Before I could get the first IBM drive back from RMA, the second IBM drive croaked. But this time I was ready. I promptly tooled off to OfficeDepot and picked up a second 60GB Maxtor drive, confident in my new-found geekiness, and sure that I would just setup a nice, 60GB mirror RAID and be done with it.

I should have known. I'm no more a geek than Mother Theresa was one of Hef's girls. And the Digital Goddess hath taken great pleasure in pushing the Cosmic Smite Button putting me in my place.
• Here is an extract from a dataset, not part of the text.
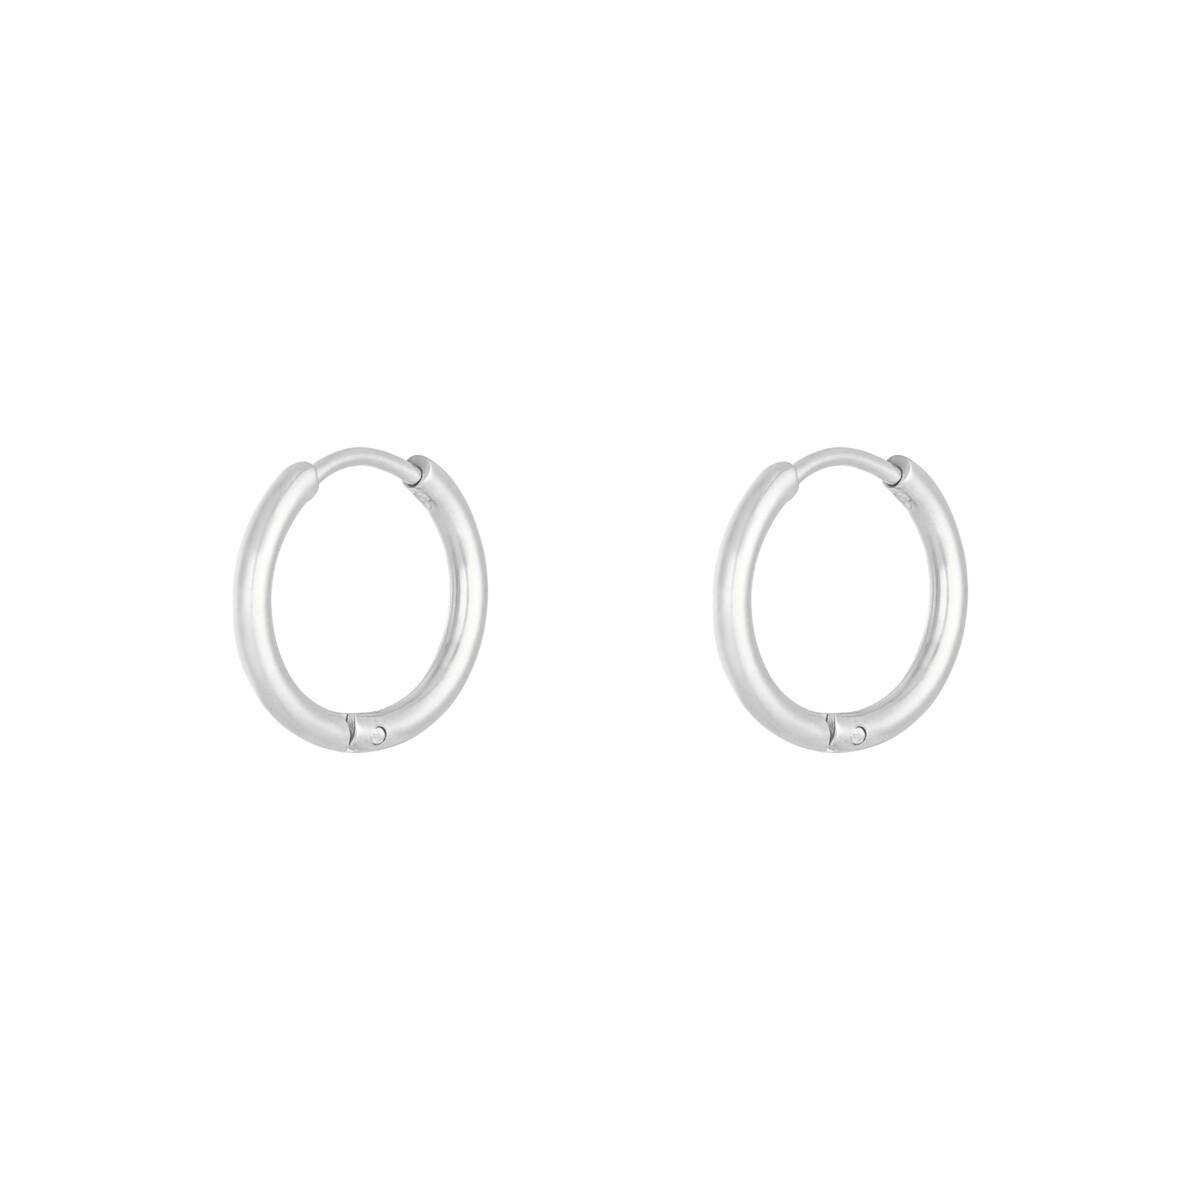 Simpele stainless steel oorringetjes zilver 14mm

The first Maxtor drive -- the one I used as a backup to the original 30GB RAID 1 array -- is now brain-damaged. It has no clue it's a 60GB drive. No matter what I do -- format, fdisk/MBR, use the Maxtor utility for restoring Sector 0, etc. -- the damn thing thinks it's just 30GB.

I can't put the two supposedly identical 60GB drives into their own array because one thinks it's only 30GB!

I have no idea how to fix this. I was able to create a 57GB non-DOS partition on the drive, despite the fact that fdisk tells me the drive's maximum capacity is 32GB. But the Promise RAID controller only recognizes (like fdisk) the 32GB space. WTF?!

How do I get past this stupid drive amnesia?